### Work instruction
In the copy, keep every line below as it is and leave out the pictures.

### Dataset extract
== Segment start ==
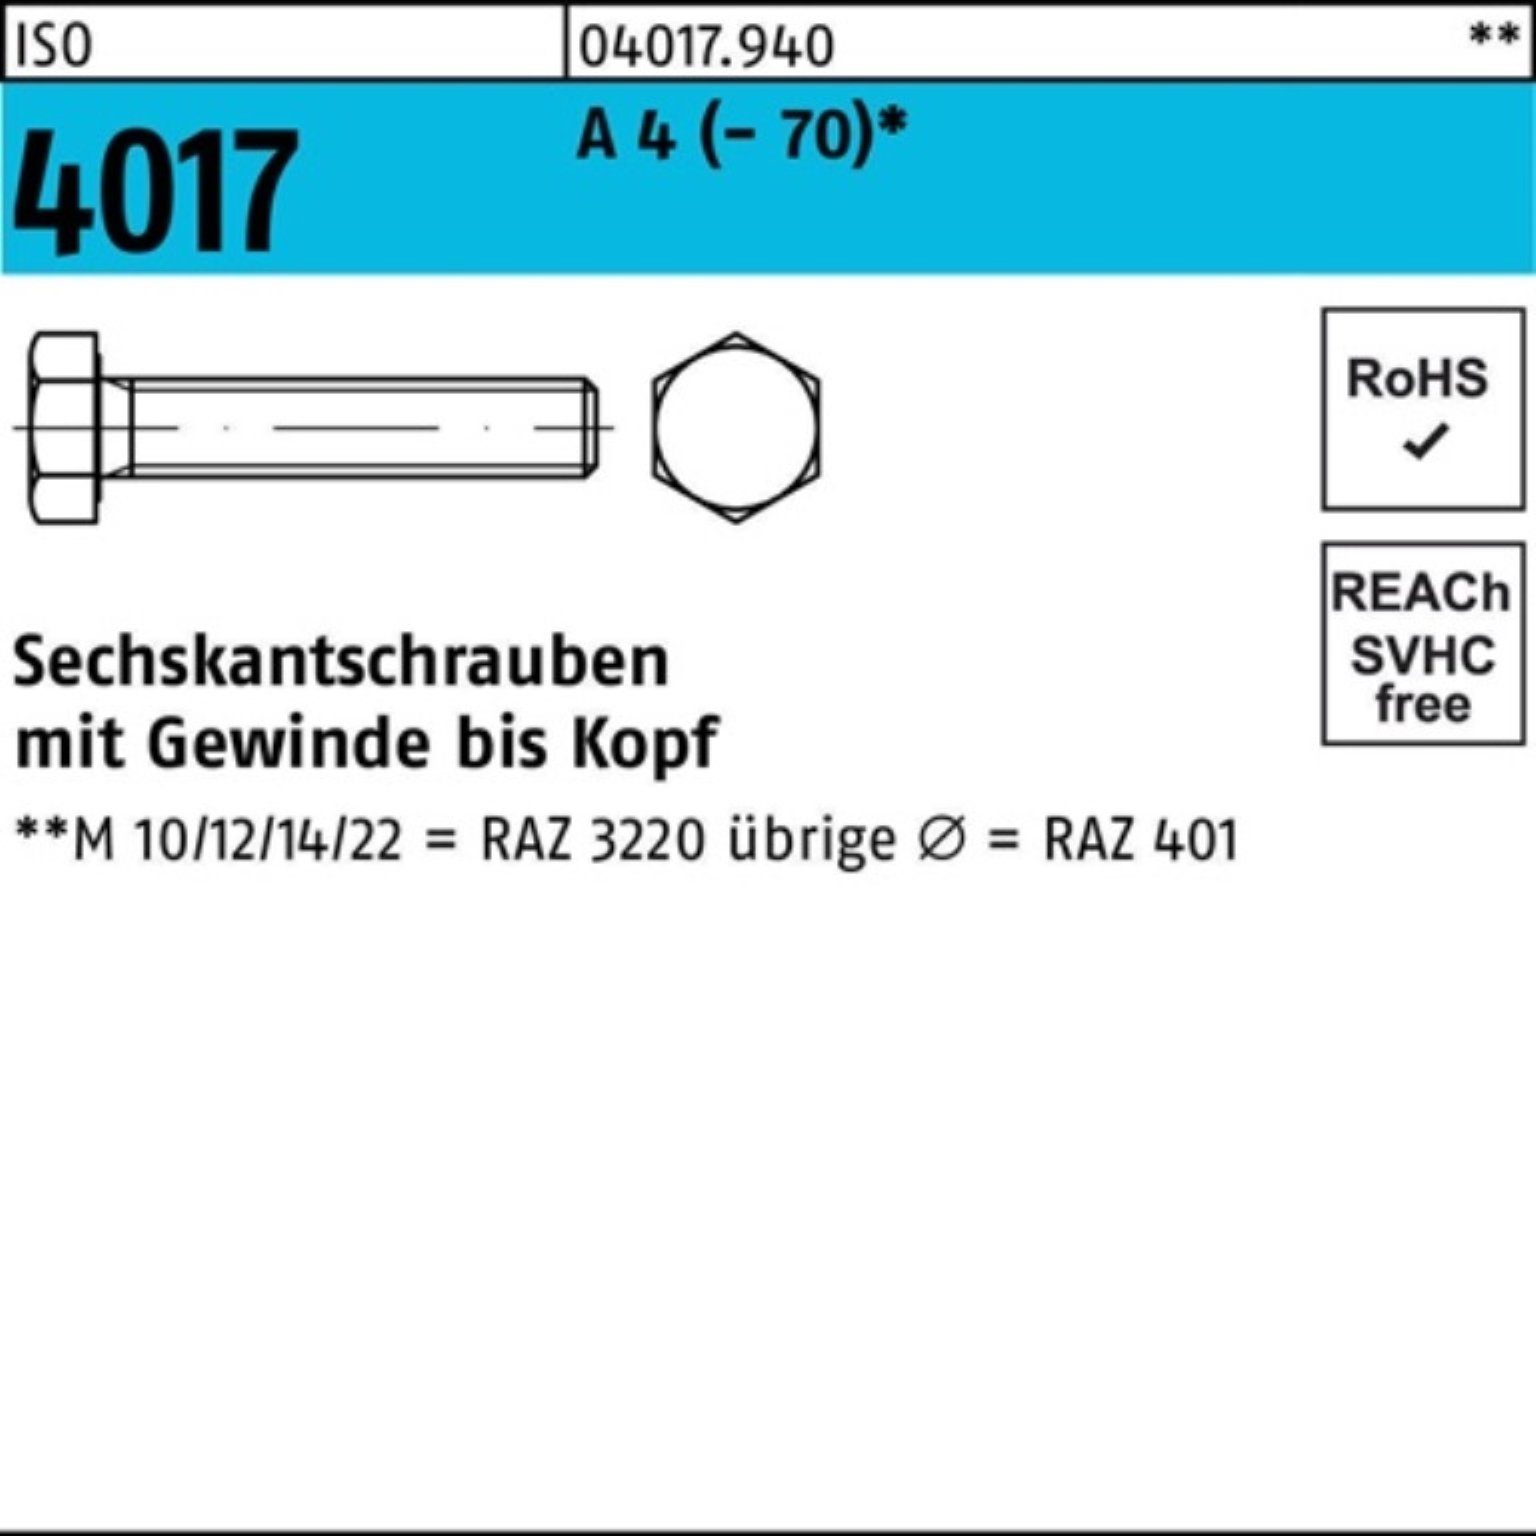 Bufab Sechskantschraube 100er Pack Sechskantschraube ISO 4017 VG M12x 95 A 4 (70) 1 Stück I
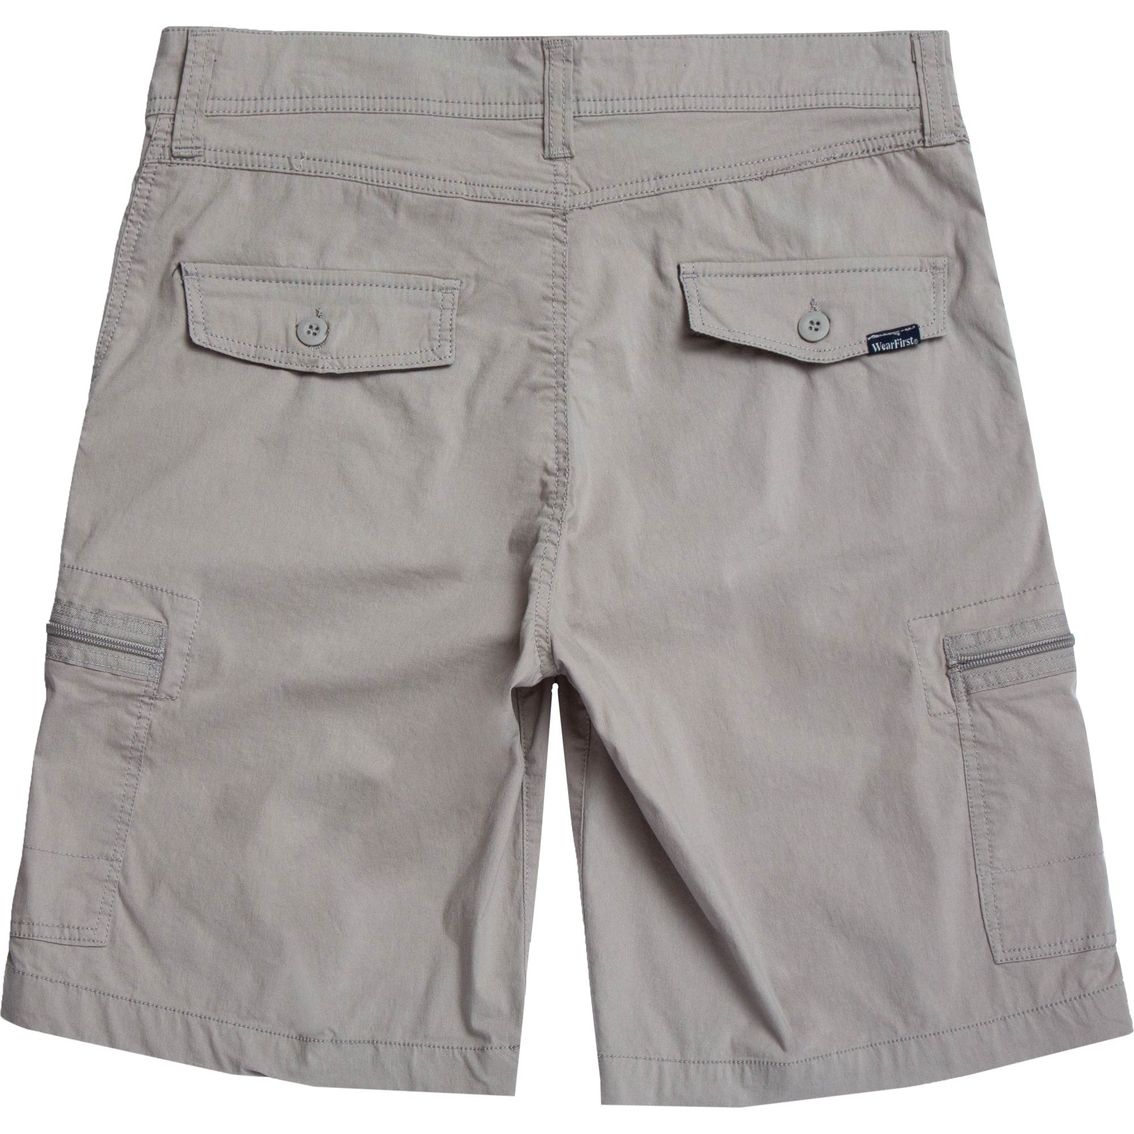 Wearfirst Freeband Stretch Cargo Shorts | Shorts | Clothing ...
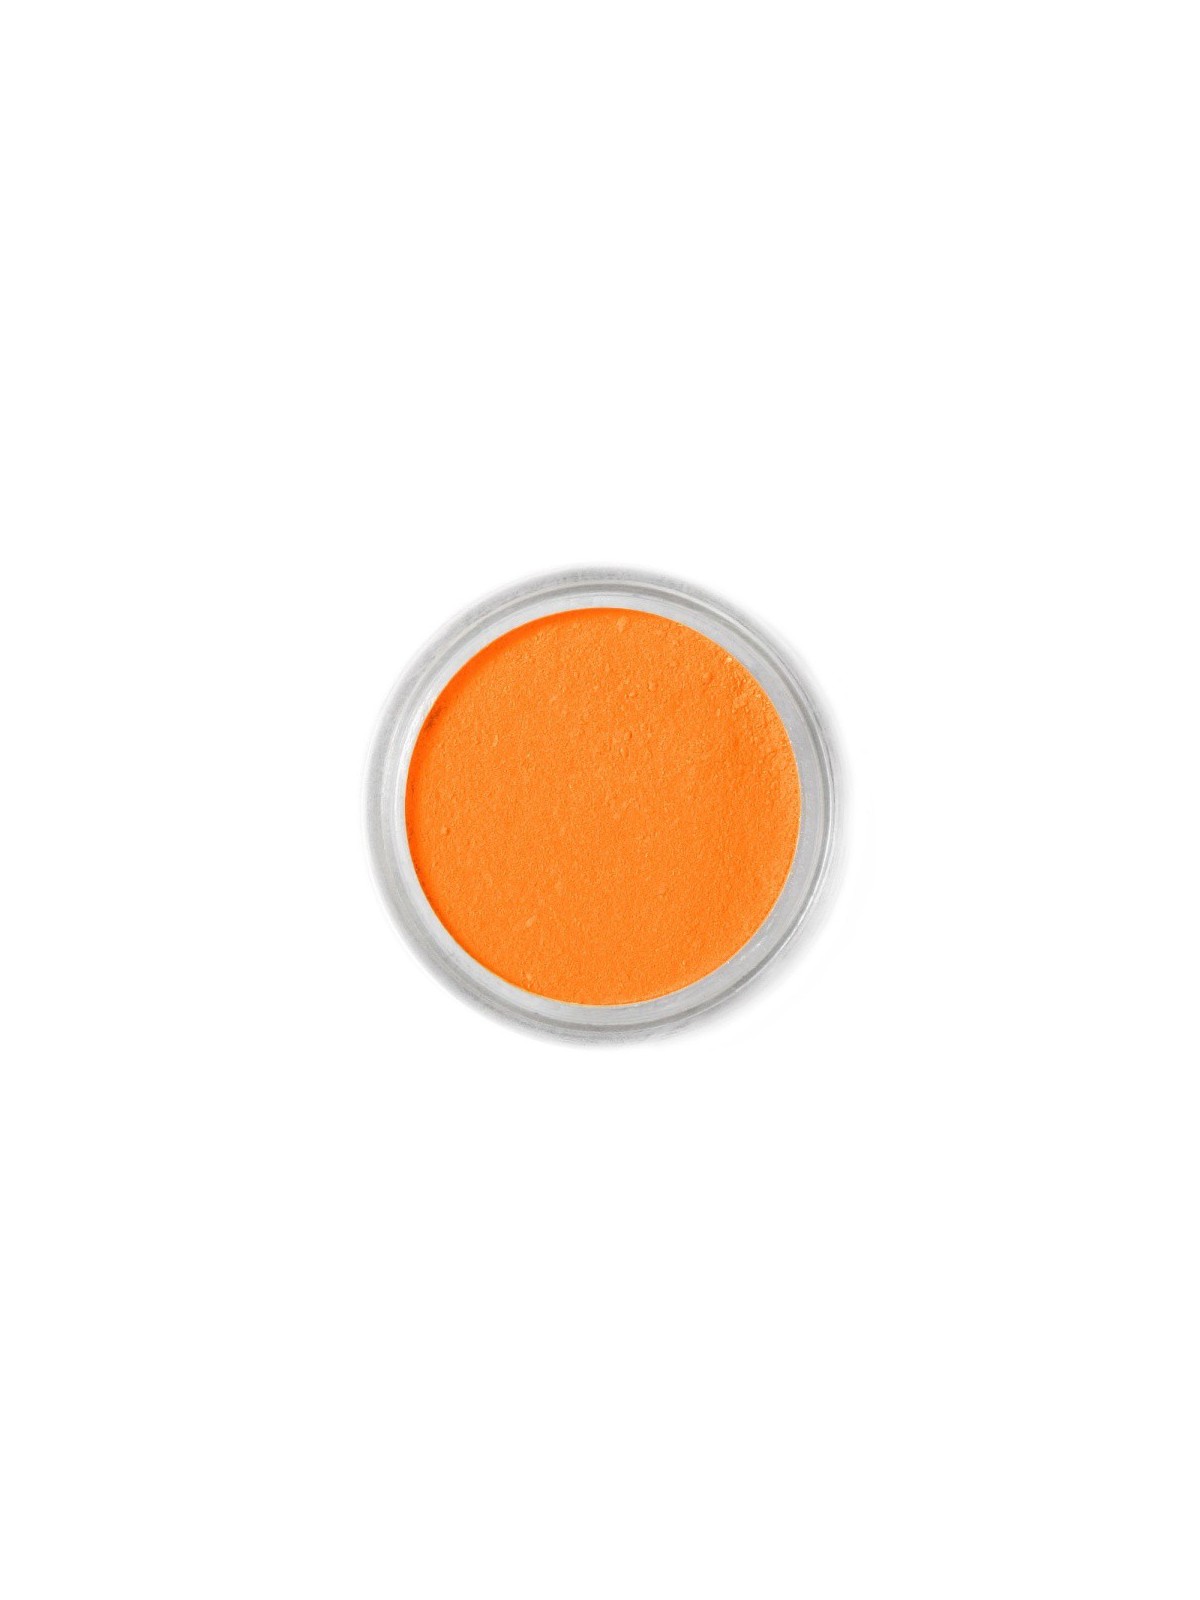 Jedlá prachová farba Fractal - Mandarin (1,7 g)
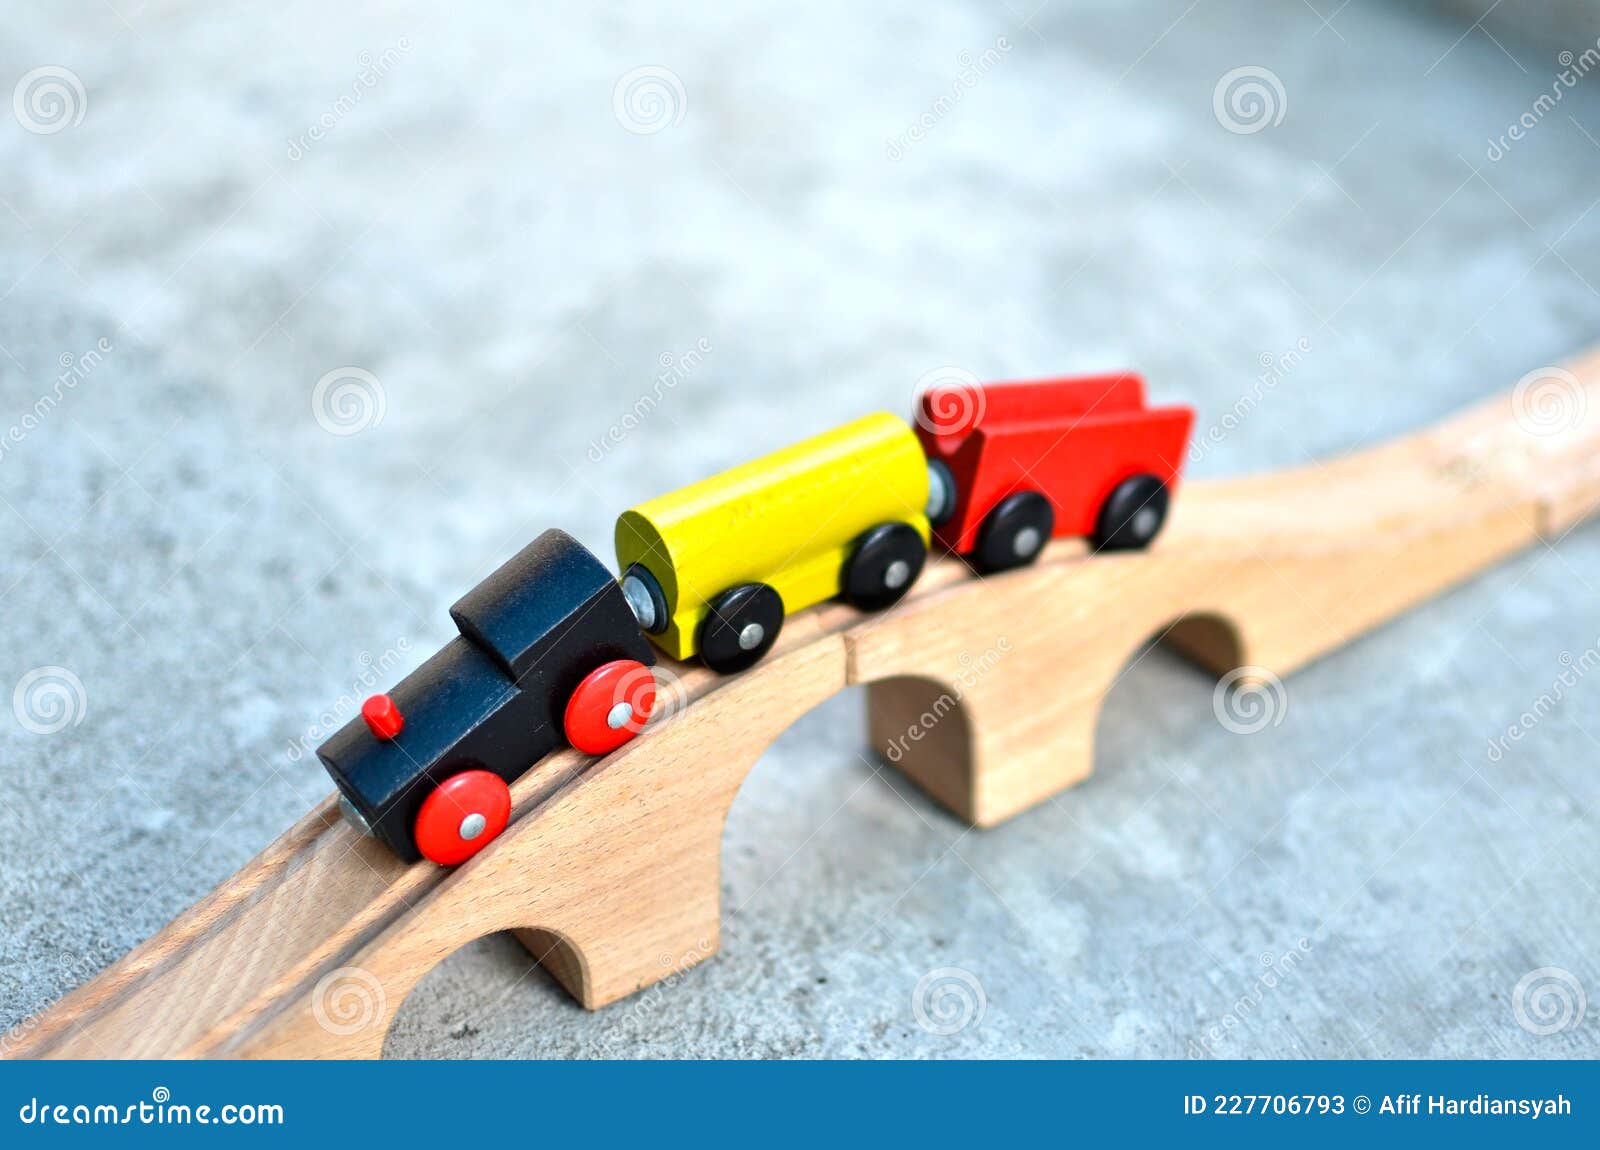 Trem de Madeira - Brinquedo Educativo
== Segment end ==
### Reply to the task
 Bufab Sechskantschraube 100er Pack Sechskantschraube ISO 4017 VG M12x 95 A 4 (70) 1 Stück I
 Wearfirst Freeband Stretch Cargo Shorts | Shorts | Clothing ...
 Jedlá prachová farba Fractal - Mandarin (1,7 g)
 Trem de Madeira - Brinquedo Educativo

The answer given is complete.